Литмир - Электронная Библиотека
A
A

Мы поймали евражку, накидав гальки в старую ржавую бочку из-под горючего, которых по побережью «малых земель» всего северного и восточного побережья нашей необъятной Родины было больше чем достаточно. Евражка спрятался от нас в такой бочке и ни за что на свете не хотел вылезать. Пришлось заполнить бочку камешками и взять, что называется, зверя голыми руками.

А в совхоз мы пришли на вельботе с боцманом, мичманом Самойловым, за эмалевой краской для нашего корабля – должны были забрать несколько бидонов, нам надо было. Боцман пошел поить спиртом директора совхоза для краски, а мы стали ловить в бушлат евражку. Их там полным-полно было! Захотели на корабль привезти – показать ребятам, они ж не видали никогда этого чуда!

Красить надо было поправленный нос корабля. Его в доке Певека местные умельцы поправили, но покрасить не покрасили, сказали только, где краску достать и сколько это будет стоить в литрах спирта. Командир корабля Веня Барков отправил мичмана Самойлова с матросами на вельботе в тот совхоз.

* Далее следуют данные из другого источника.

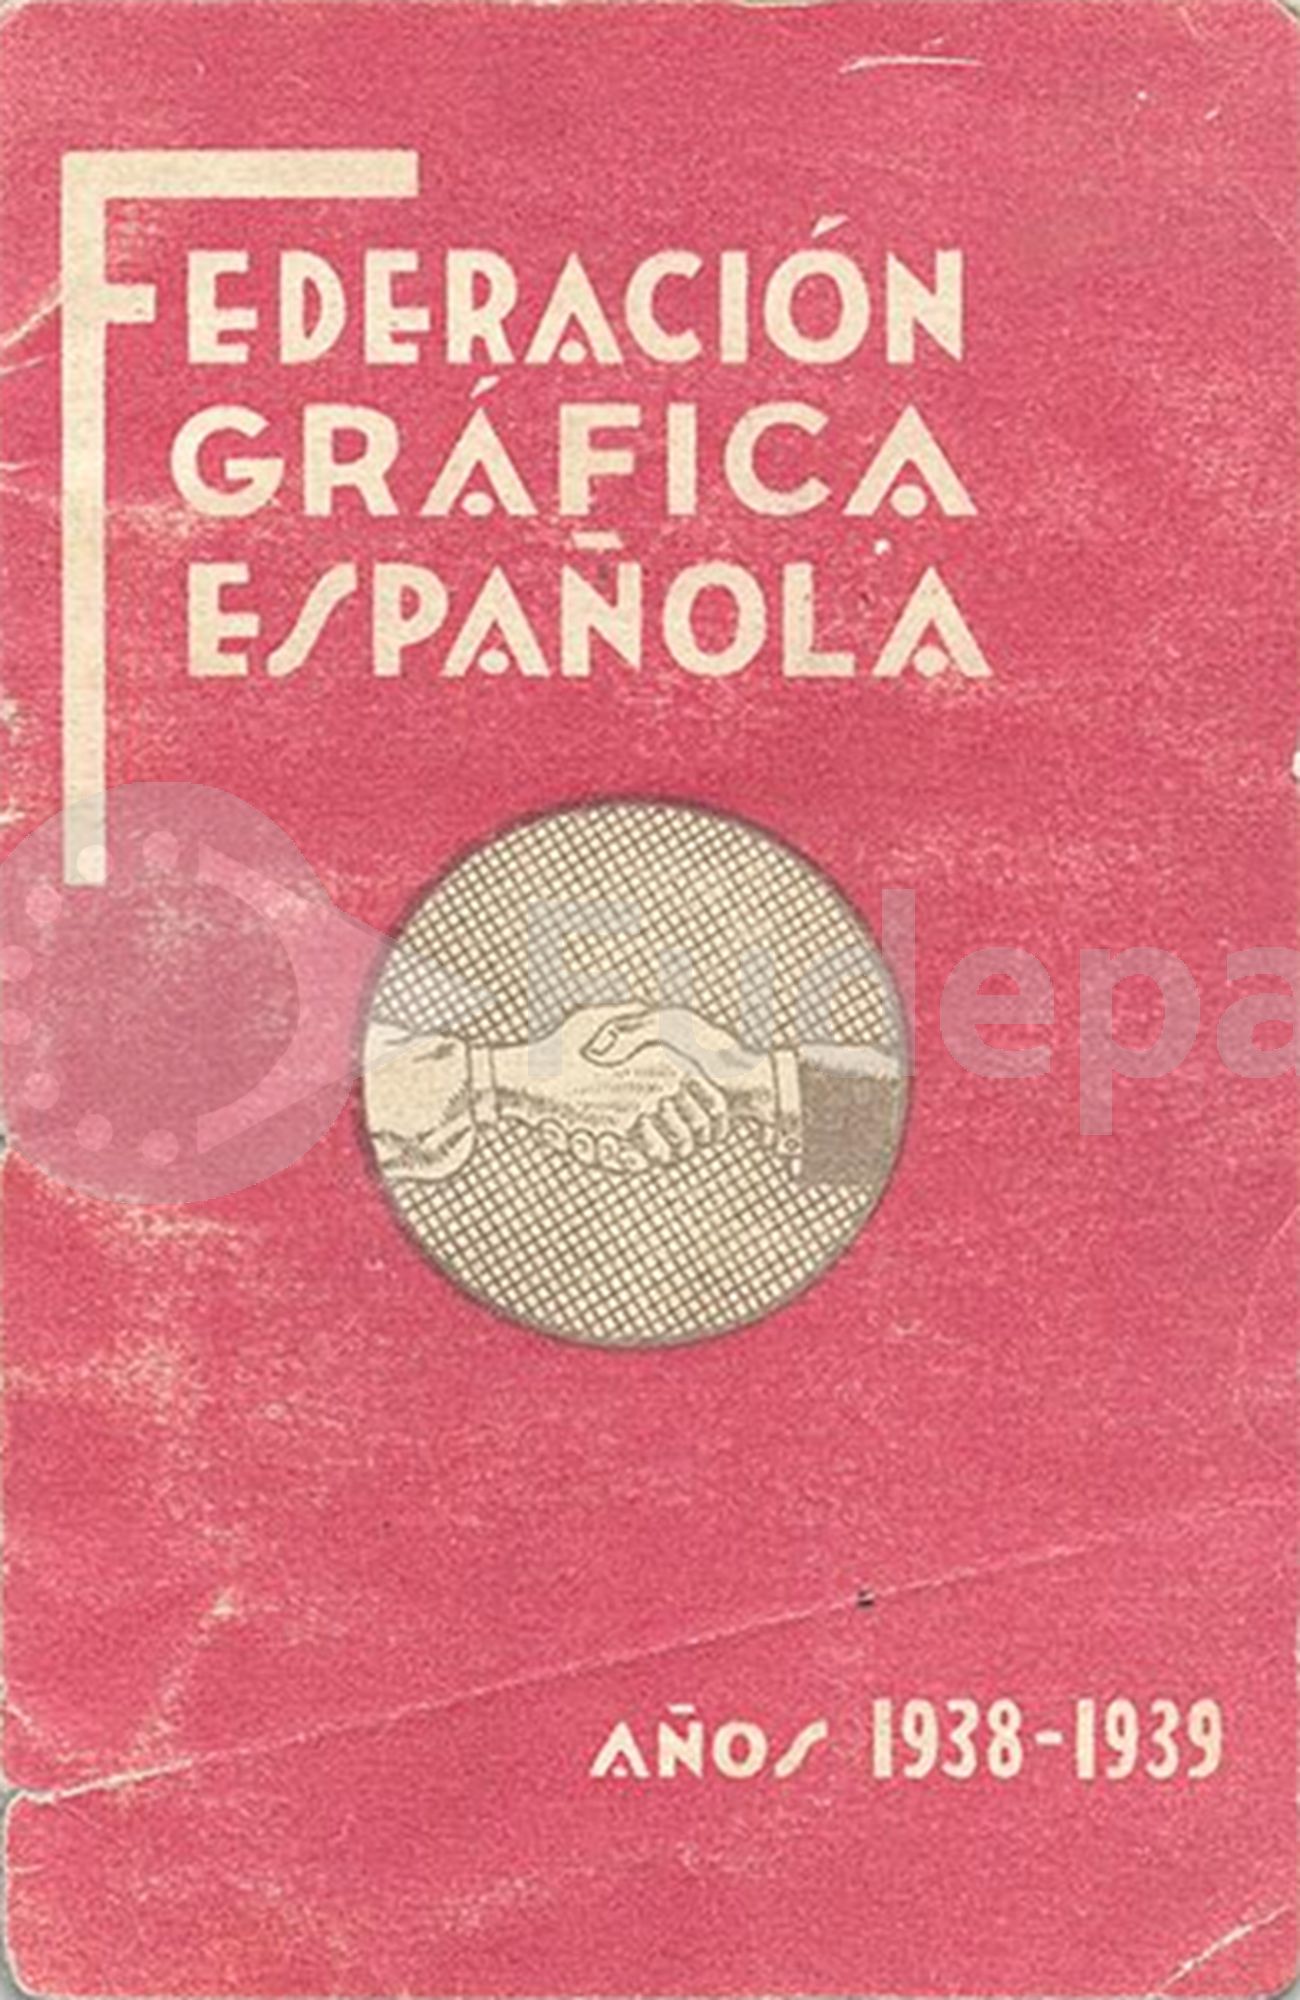 Federación Gráfica Española. Carné de Santiago Hernández Luque, que ingresó el 11/10/1937. Úbeda, 1938-1939. Donado por Salvador Mera de UGT Cádiz. FUDEPA. AHUGT-A: C_12877/35

А разбили мы нос корабля о певекский причал крепко! Это был первый поход «единички» под началом капитана второго ранга Баркова. Он только-только прежнего командира сменил, – знакомился, значит, с кораблем и экипажем в первом своем северном походе, несложном, – там же везде порты и причалы…

– Баковые – на бак, ютовые – на ют!

Веня стоял на мостике, на своем ящике, чтобы его было боцману видно из-за щита. Он же ростом был невелик, и матрос таскал за ним по мостику ящик. А боцман, мичман Самойлов, стоял на баке и держал с Веней радиосвязь. Он должен был отдать якорь, когда Веня скомандует; якорь зацепится, корабль развернется нужным бортом и встанет к причалу. Так мы всегда швартовались.

– Когда я сделаю вот так, левую яшку – на хуй! – говорил Веня и взмахивал руками, и Самойлов повторял за ним:

– Левую яшку!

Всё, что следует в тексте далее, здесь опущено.